◆ Exercise brief
Everything from the line with "LCD1602使用手册-中文详细版" to the end of the data below, both lines included, should be transcribed exactly; please omit the pictures.

◆ Data segment
▬▬▬

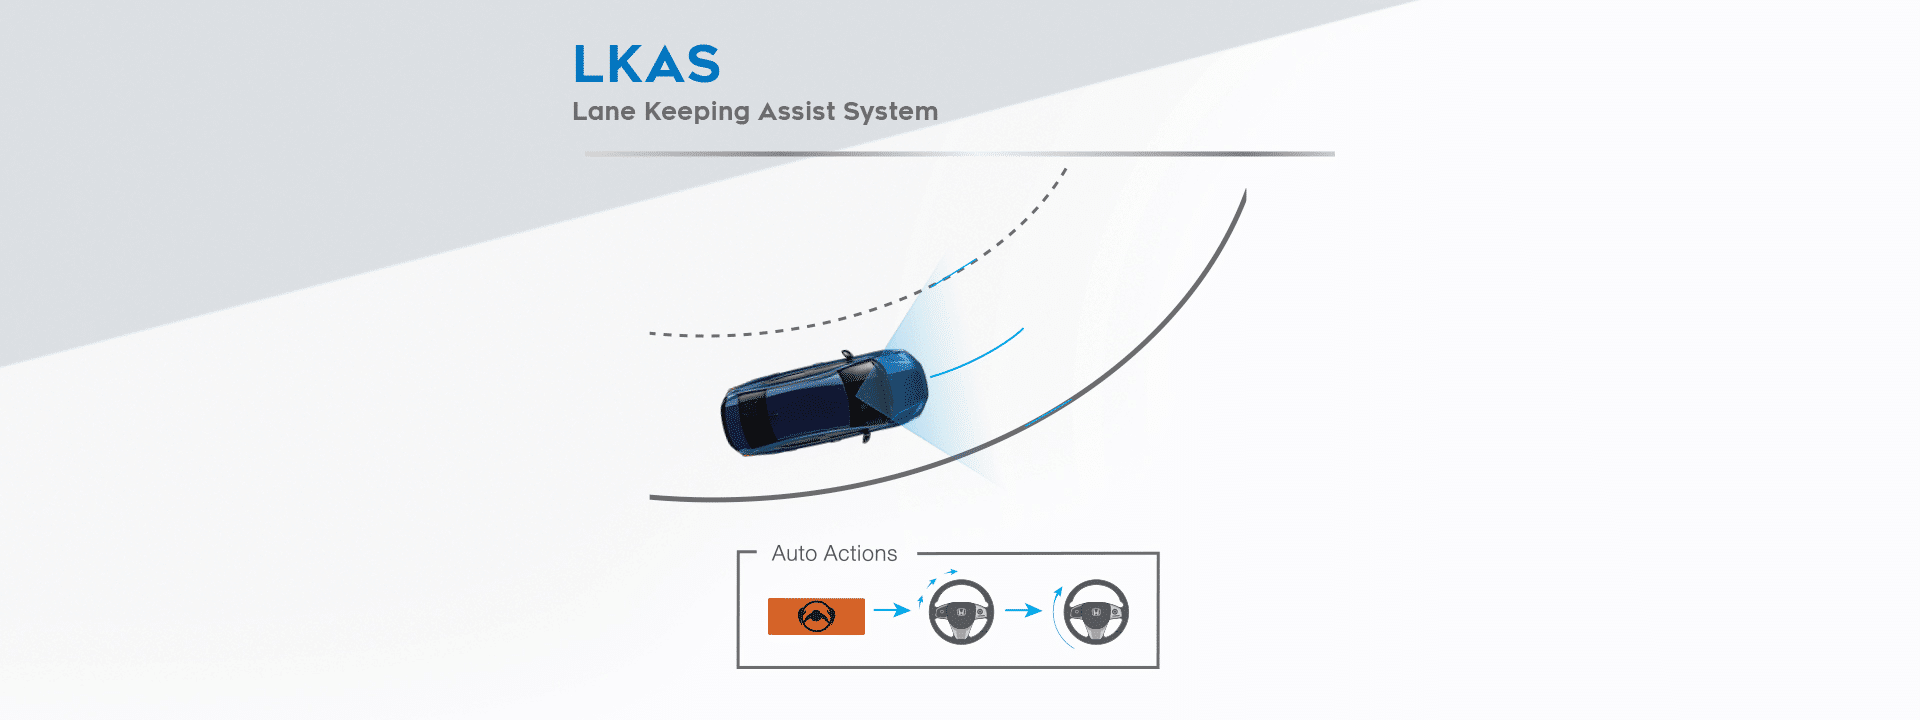 ระบบช่วยควบคุมรถให้อยู่ในช่องทางเดินรถ (Lane Keeping Assist System: LKAS) 
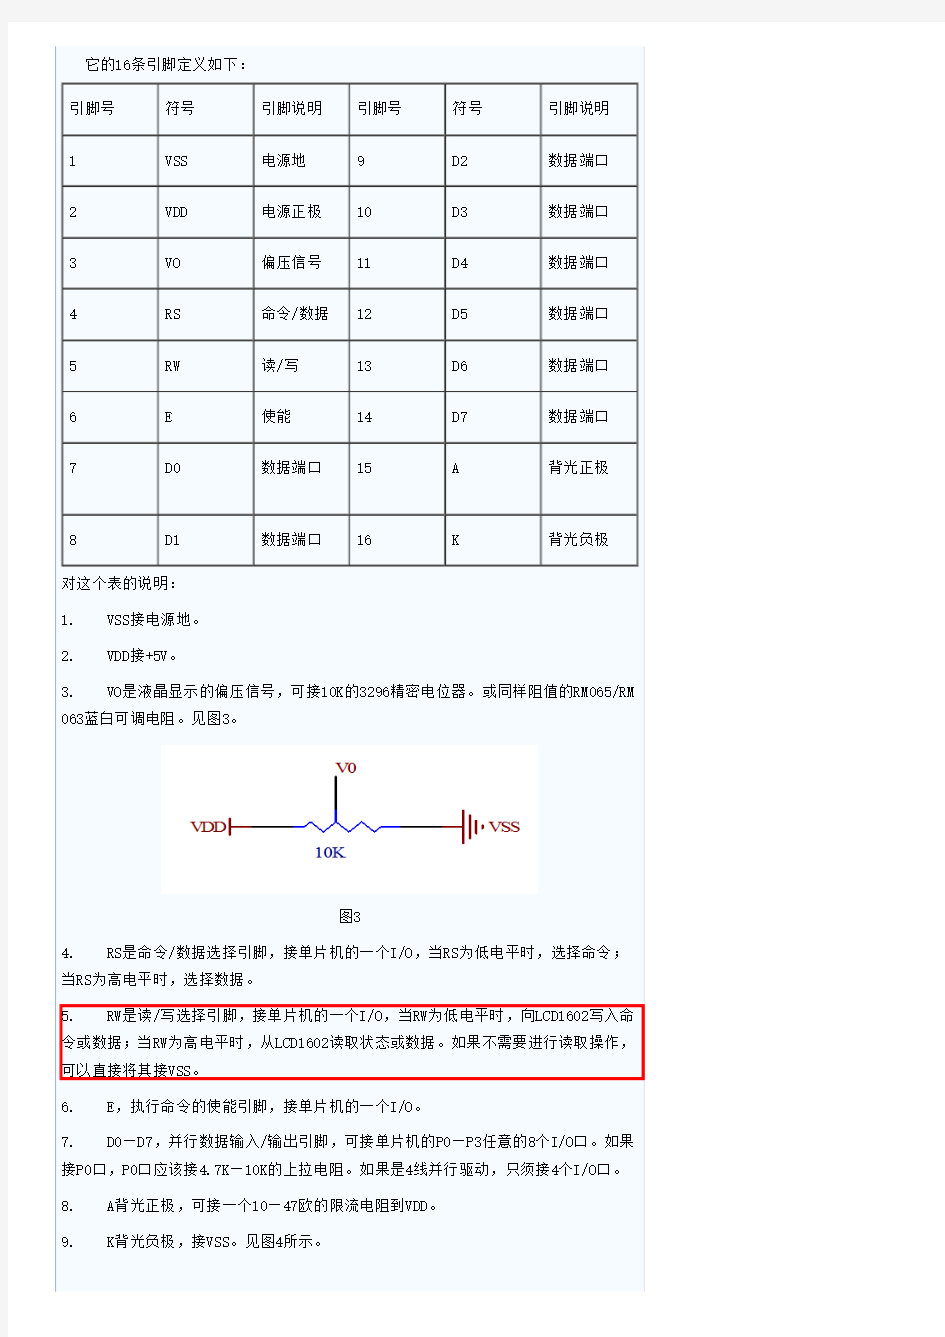 LCD1602使用手册-中文详细版
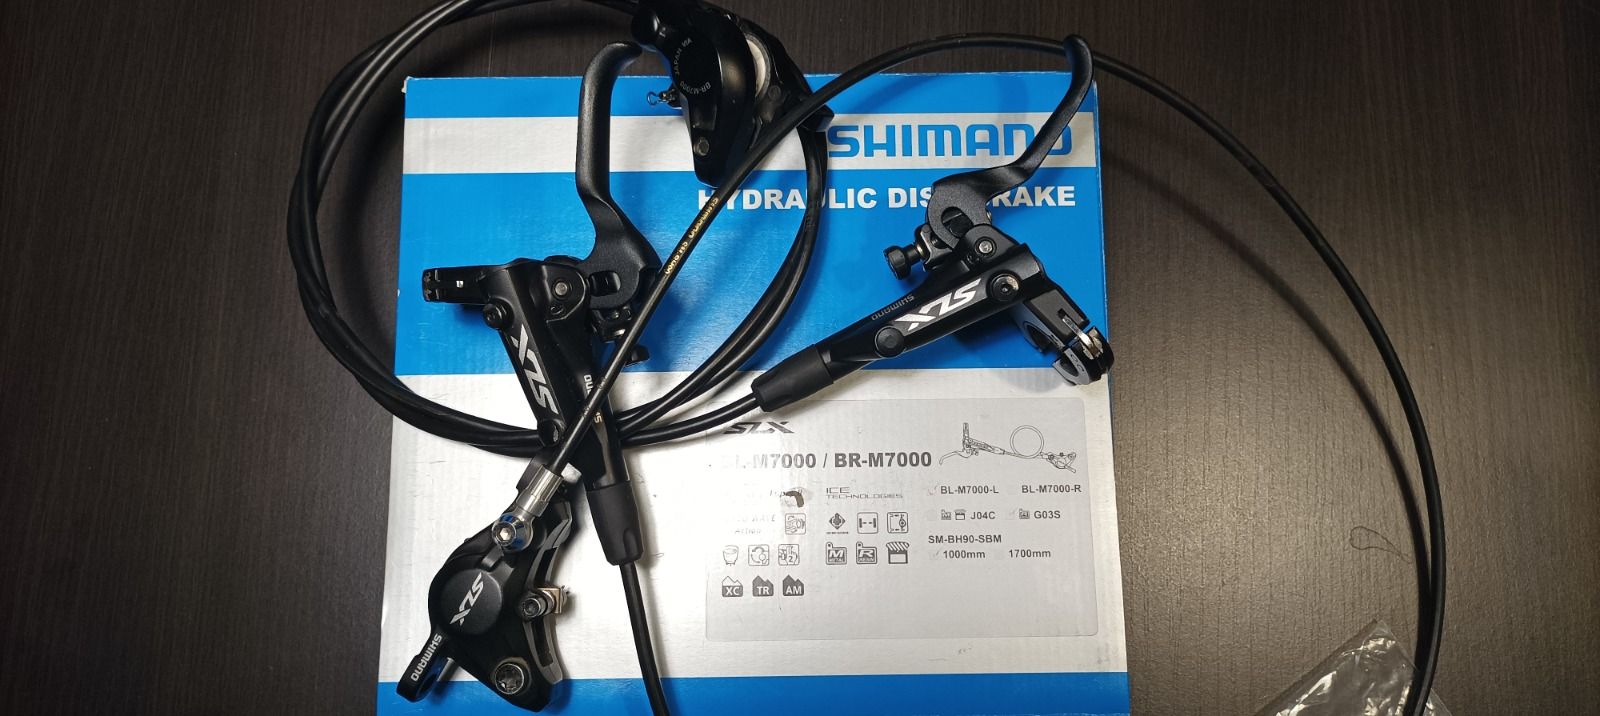 Shimano slx m7000, установлена грязезащита МЦ цена 170 дол с колодками резин
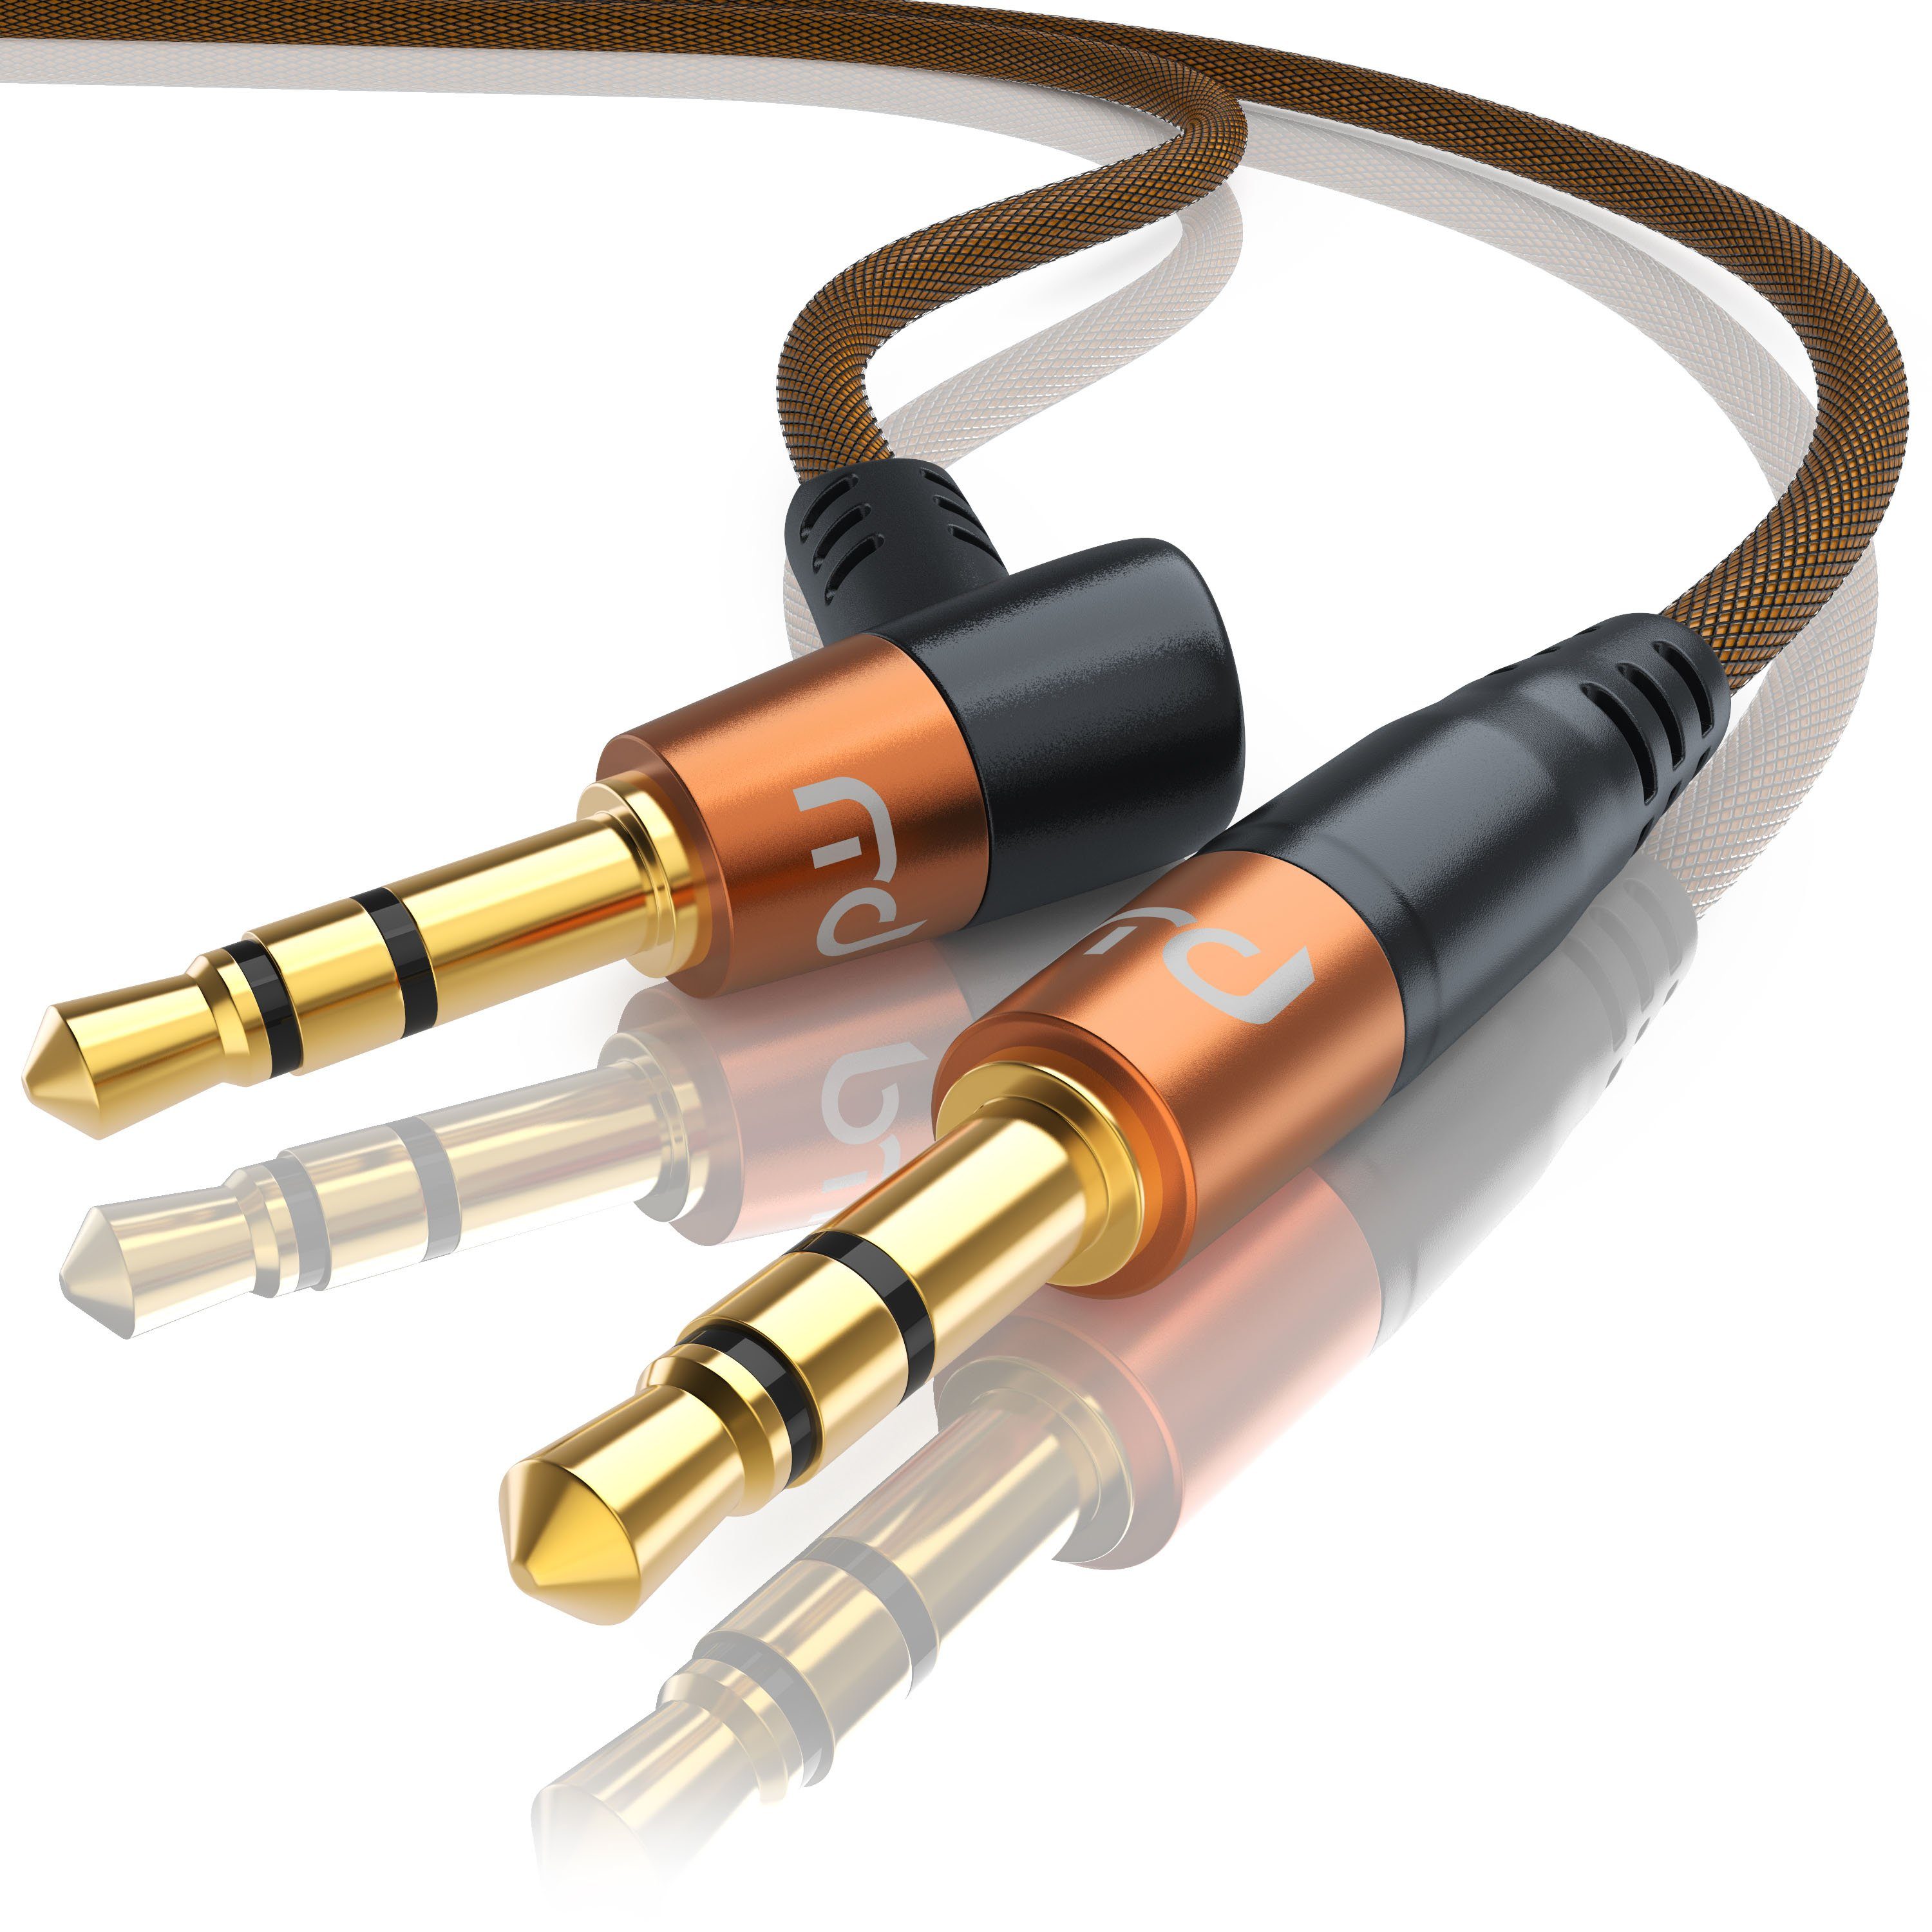 Primewire Audio-Kabel, 3,5-mm-Klinke (110° Winkel); 3,5-mm-Klinke (gerade)  (200 cm), gewinkeltes 3,5mm AUX Audio Klinkenkabel online kaufen | OTTO

▬▬▬

◆ Answer section
 LCD1602使用手册-中文详细版
 Shimano slx m7000, установлена грязезащита МЦ цена 170 дол с колодками резин
 Primewire Audio-Kabel, 3,5-mm-Klinke (110° Winkel); 3,5-mm-Klinke (gerade)  (200 cm), gewinkeltes 3,5mm AUX Audio Klinkenkabel online kaufen | OTTO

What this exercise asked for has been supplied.